Another sweltering month in Charlotte, another boatload of mysteries past and present for overworked, overstressed forensic anthropologist Temperance Brennan.

A week after the night she chases but fails to catch a mysterious trespasser outside her town house, some unknown party texts Tempe four images of a corpse that looks as if it’s been chewed by wild hogs, because it has been. Showboat Medical Examiner Margot Heavner makes it clear that, breaking with her department’s earlier practice (The Bone Collection, 2016, etc.), she has no intention of calling in Tempe as a consultant and promptly identifies the faceless body herself as that of a young Asian man. Nettled by several errors in Heavner’s analysis, and even more by her willingness to share the gory details at a press conference, Tempe launches her own investigation, which is not so much off the books as against the books. Heavner isn’t exactly mollified when Tempe, aided by retired police detective Skinny Slidell and a host of experts, puts a name to the dead man.

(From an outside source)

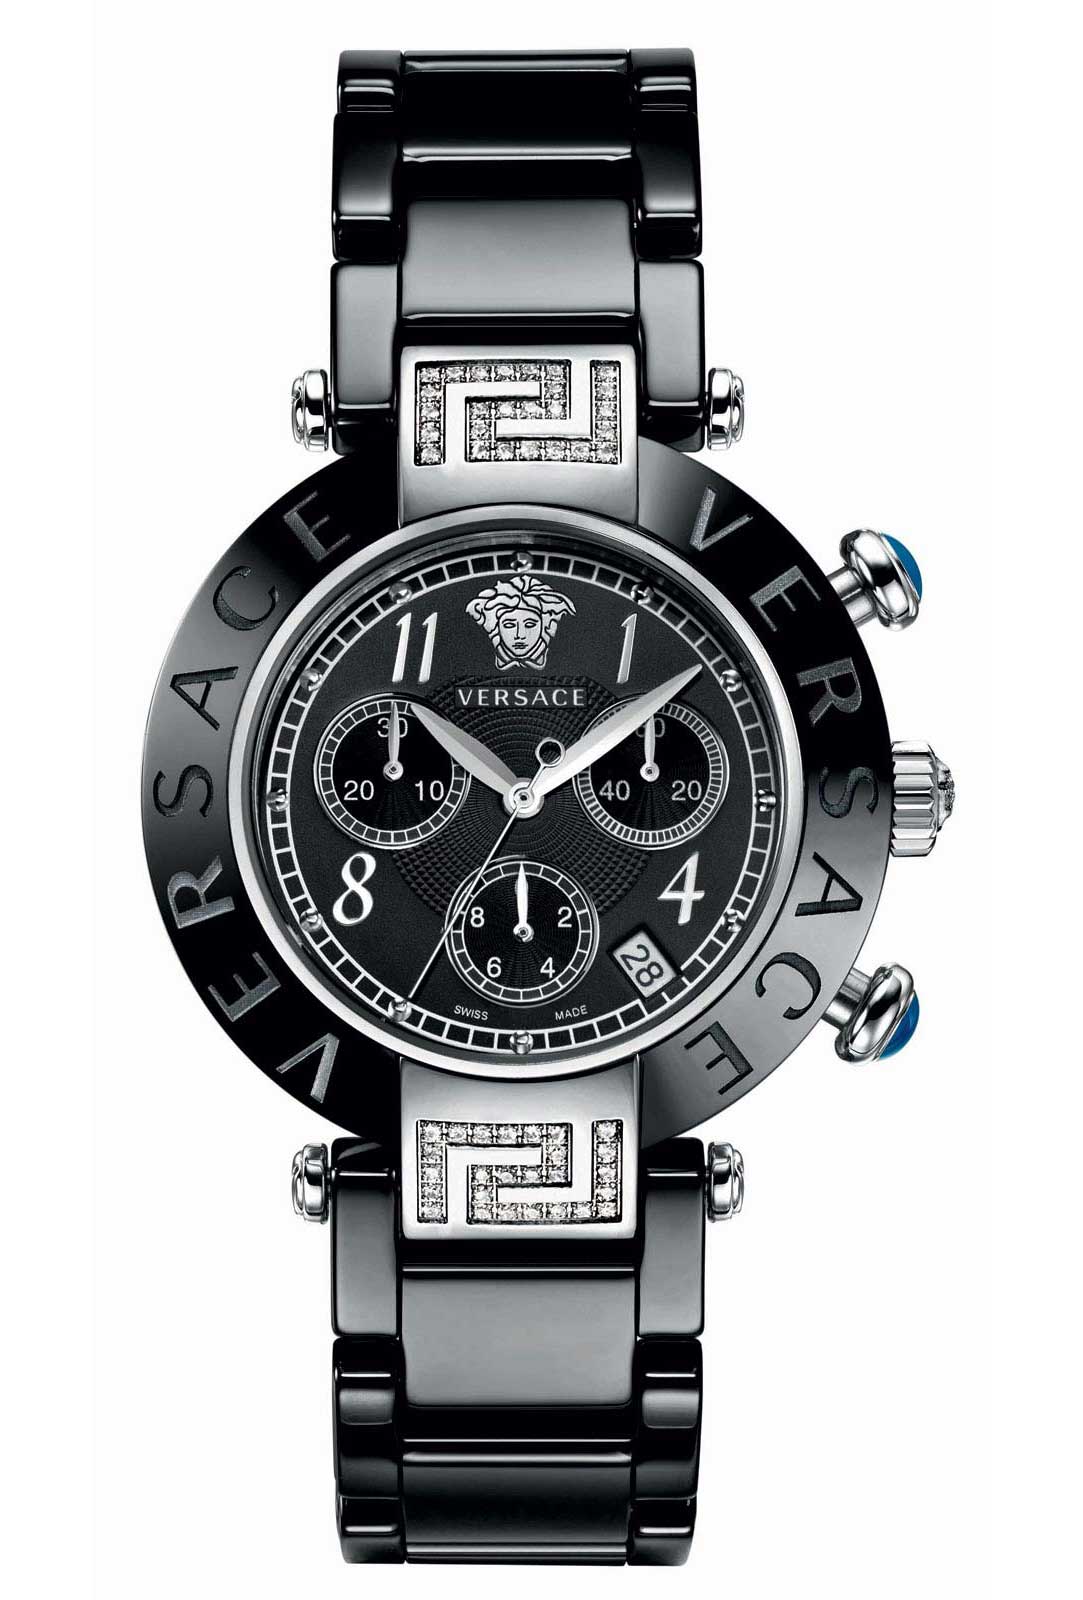 Versace QUARTZ CHRONO watch 5040D STEEL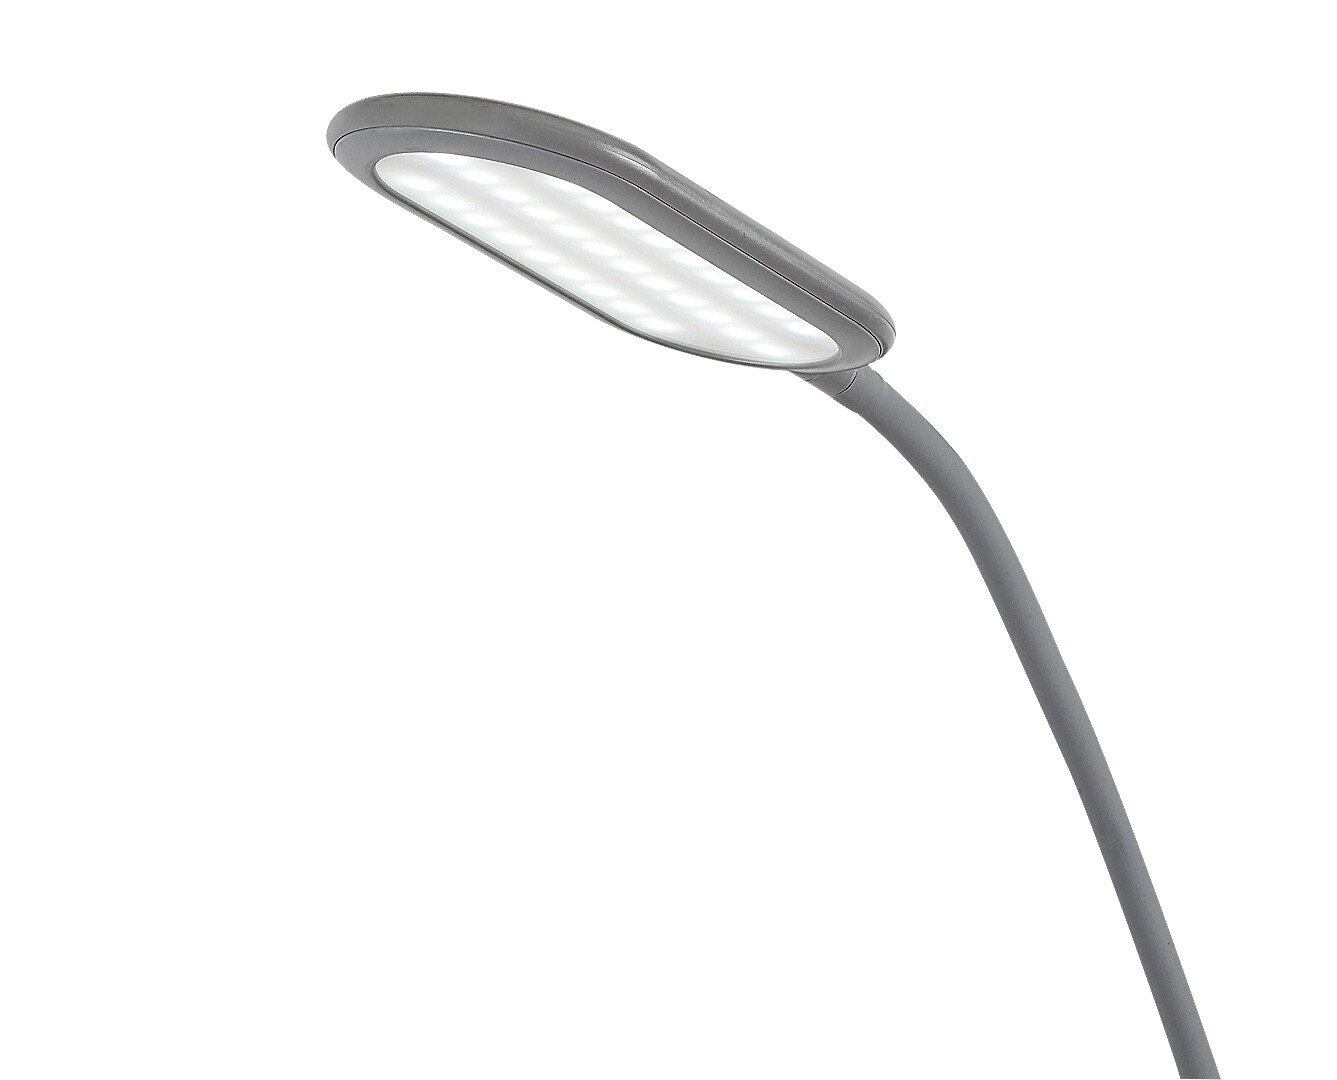 LED Stehlampe Adelmo 74010, 10W, 910lm, Metall, grau-weiß, Modern, dimmbar, 140cm

But the hints of other crimes Tempe’s identification uncovers, particularly crimes against children, spur her on to redouble her efforts despite the new M.E.’s splenetic outbursts. Before he died, it seems, Felix Vodyanov was linked to a passenger ferry that sank in 1994, an even earlier U.S. government project to research biological agents that could control human behavior, the hinky spiritual retreat Sparkling Waters, the dark web site DeepUnder, and the disappearances of at least four schoolchildren, two of whom have also turned up dead. And why on earth was Vodyanov carrying Tempe’s own contact information? The mounting evidence of ever more and ever worse skulduggery will pull Tempe deeper and deeper down what even she sees as a rabbit hole before she confronts a ringleader implicated in “Drugs. Fraud. Breaking and entering. Arson. Kidnapping. How does attempted murder sound?”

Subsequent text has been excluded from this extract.